With Kibaki running the economy between 1969 and 1982, Kenya did experience an initial period of relative prosperity. However, the shine quickly wore off as growth fell, which at least one study has blamed on “the oil shocks of 1973 and 1979 compounded by poor macroeconomic management, breaking the tradition of fiscal responsibility and prudent monetary policy followed during the early years of independence”.

All along, the Kenyan elite engaged in a spree of self-enrichment. Among them, Kibaki clearly “succumbed to the lure of and wealth, comfort and status” and was happy to serve in the oppressive and kleptocratic administrations of his predecessors, Jomo Kenyatta and Daniel Arap Moi. Despite spending almost his entire working life in public office, he died one of the wealthiest men in the land. And even as he left office in 2013, he engineered an exorbitant and immoral “retirement package” for himself, forcing Kenyans to shell out $2.5 million gratuity payment in addition to tens of thousands more in monthly pension payments and benefits later declared unconstitutional.

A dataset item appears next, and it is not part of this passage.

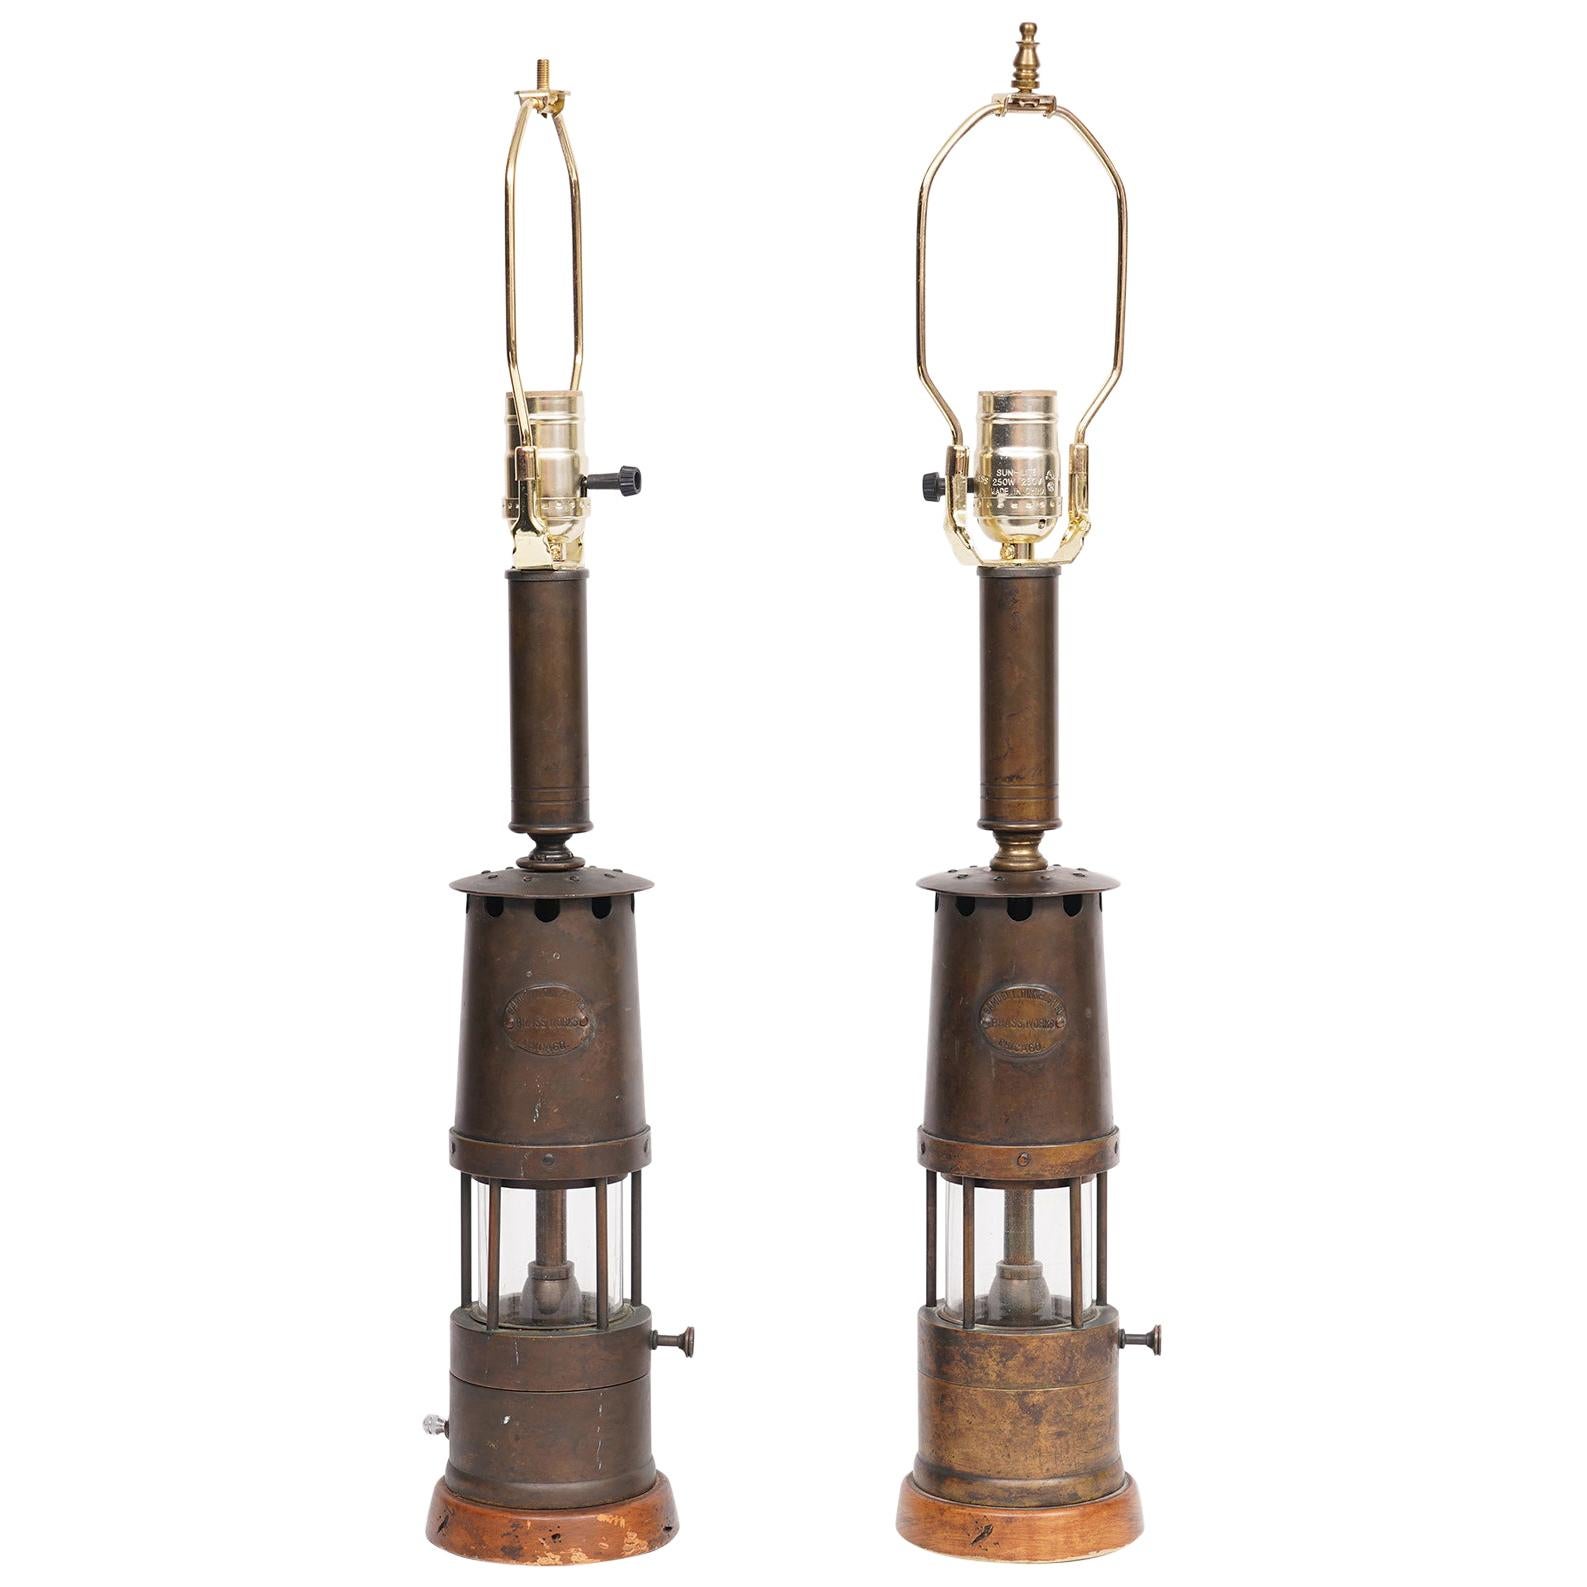 Pair of Industrial Miner's Lanterns Marked Dinkelspiel Converted to Table Lamps

Though he showed flashes of courage, such as when distinguished himself by being the sole cabinet minister to attend the funeral of JM Kariuki, a populist politician whom the Jomo Kenyatta regime murdered in 1975, for much of his career it was said that he never saw a fence he did not wish to sit on. He held the dubious honour of having moved the 1982 constitutional amendment that made Kenya legally a single-party state. Undoing that would become the focus of political reform efforts later in the decade, which Kibaki would ridicule as trying to cut down a tree with a razor blade. But once those efforts succeeded in 1991, he was among the first to piggyback on them, abandoning the ruling party, KANU, to form his own outfit.

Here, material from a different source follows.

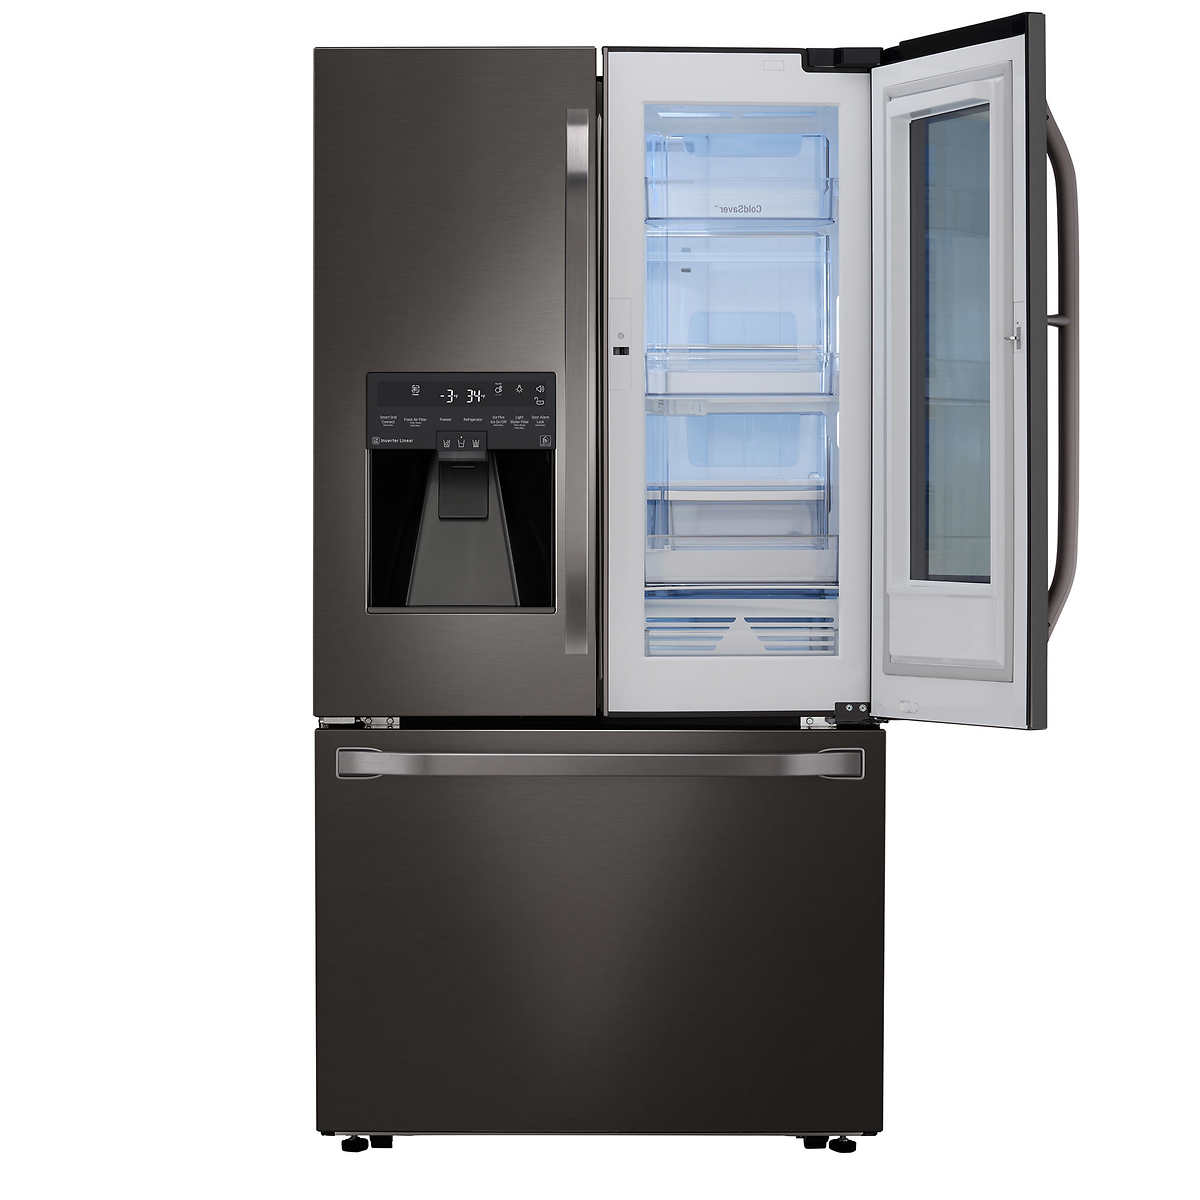 Should you buy a refrigerator without an ice maker?

In 2002, he again benefitted from the reform efforts when he was elected president by a landslide, with an overwhelming mandate to overthrow the colonial system and the corruption it bred. Instead, he bastardised the constitutional review process, leading Kenyans to reject it in a referendum in 2005. He presided over an orgy of corrupt looting that in 2004 was described by the UK ambassador as gluttonous eating. By the end of his first term, he was happy to rip up the “gentleman’s agreement” that five years earlier had allowed opposition parties to nominate members of the election commission, paving the way for his 2002 win. That set the stage for the disputed 2007 elections, which many, including me, believe he stole, and the violence that followed that claimed at least 1,300 lives, displaced hundreds of thousands, and brought the country to the brink of anarchy. Many of those deaths were at the hands of the police he controlled and a murderous gang that the International Criminal Court prosecutor claimed had met with him at State House.

Kenyans tend to look back at the Kibaki years with rose-tinted glasses as a sort of economic “golden age” and, despite all the theft and criminality of his regime, Kibaki himself as competent and exceptional. I have my doubts. When you put together the middling economy; the gluttonous eating; the many scandals and state violence, including attacks on the press; and the watering down of the constitution, his tenure really does not seem very exceptional.

In the end, he proved to be true to the system that made him. It is the same system that made Kenya and that the country has for 60 years been trying to extricate itself from. Cometh the hour, cometh the man, goes the saying. Unfortunately, when Kenya’s moment came, Kibaki turned out not to be the man.

The views expressed in this article are the author’s own and do not necessarily reflect Al Jazeera’s editorial stance.